Claude prepared a single Gemini prompt covering the data model update, the ViewModel additions, and the new composable. It worked in one pass.
JSON persistence
Everything built today would be lost on app kill without persistence. Claude chose org.json — built into Android, no Gradle changes needed, and straightforward for a small nested structure.
SessionViewModel was changed from ViewModel to AndroidViewModel to access filesDir. A sync() call now also triggers an async write to session.json on the IO dispatcher via viewModelScope.
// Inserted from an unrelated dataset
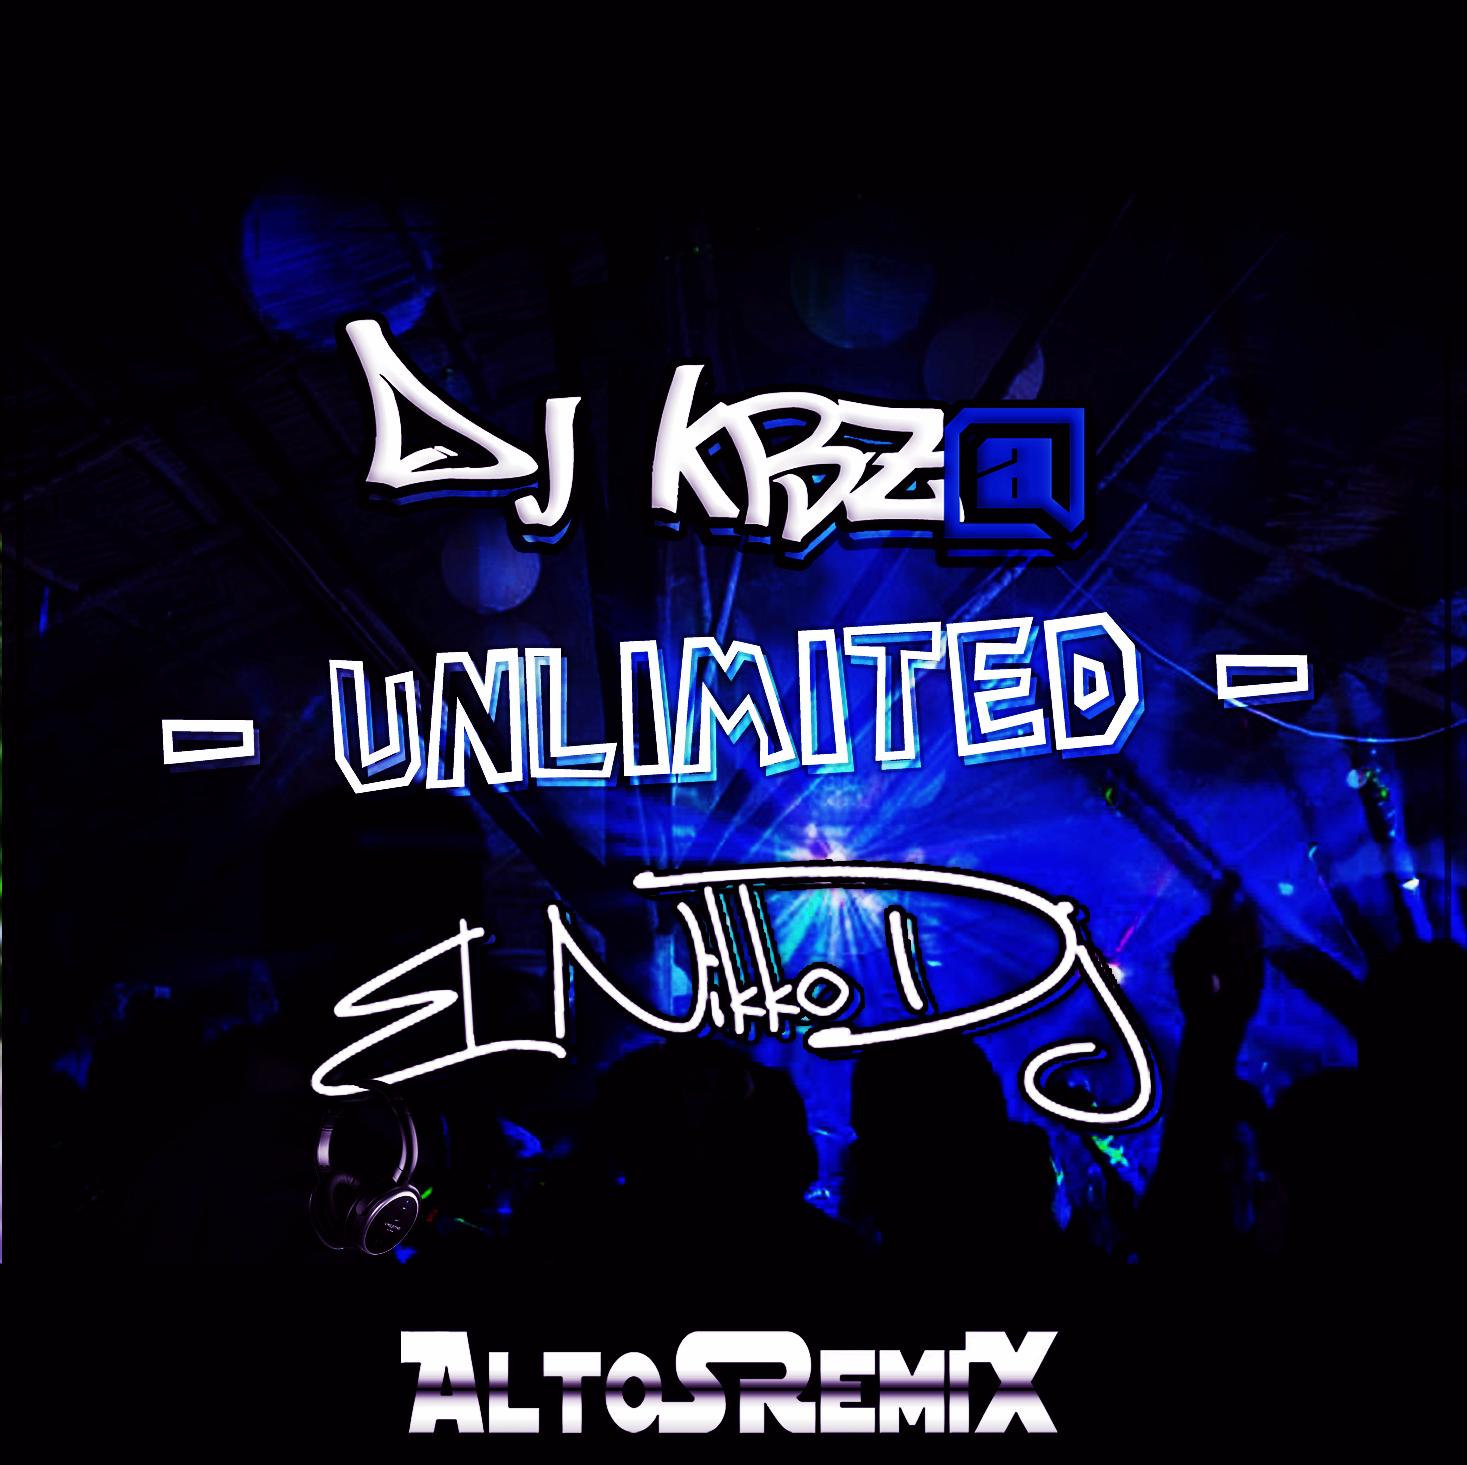 Unlimited - Dj KBZ@ Ft. El Nikko Dj (2015)

On init, loadIfExists() reads the file if it’s there, restores all playlists and the active playlist ID, and falls back to the hardcoded defaults on first launch or parse error.
The JSON format is simple: a top-level object with activePlaylistId and a playlists array. Each playlist has id, name, and items. Each item has a type field ("song" or "special") followed by its properties.
Only SessionViewModel.kt changed. App.kt was untouched.
Jitter measurement
The last task of the day addressed the one open item from Phase 1: measuring timing consistency.
Claude explained the distinction between start latency (how long until the first click after pressing play — not important) and jitter (variation between successive clicks — the number that actually matters for a metronome). Sub-1ms jitter is professional grade.
Since the C++ engine already writes a beat timestamp to mLastBeatNanos on every beat boundary, all the measurement logic could live in Kotlin. A rolling ArrayDeque<Long> of the last 32 beat timestamps, updated inside the existing beat-polling loop. For each consecutive pair of timestamps, compute |actual_interval - target_interval|. Report average and max deviation as Float state that drives a small text display below the BPM circle, visible only while playing.
Results on my device at 120 BPM after one minute of playback:
ø 0.15 ms — max 0.26 ms
This is better than most hardware metronomes. The Oboe callback model does what it’s designed to do: clicks are placed at exact sample positions in the audio stream, and the hardware clock plays them out at a stable rate. The clock_gettime timestamps in the callback reflect the OS scheduling the audio thread, not the actual output timing — which is why the numbers are this good.
Phase 1 is closed.
Time spent today: ~3h
This blog documents my attempt to build and ship a music app as a solo developer, with AI assistance. The AI does a lot of the work. I try to be specific about what.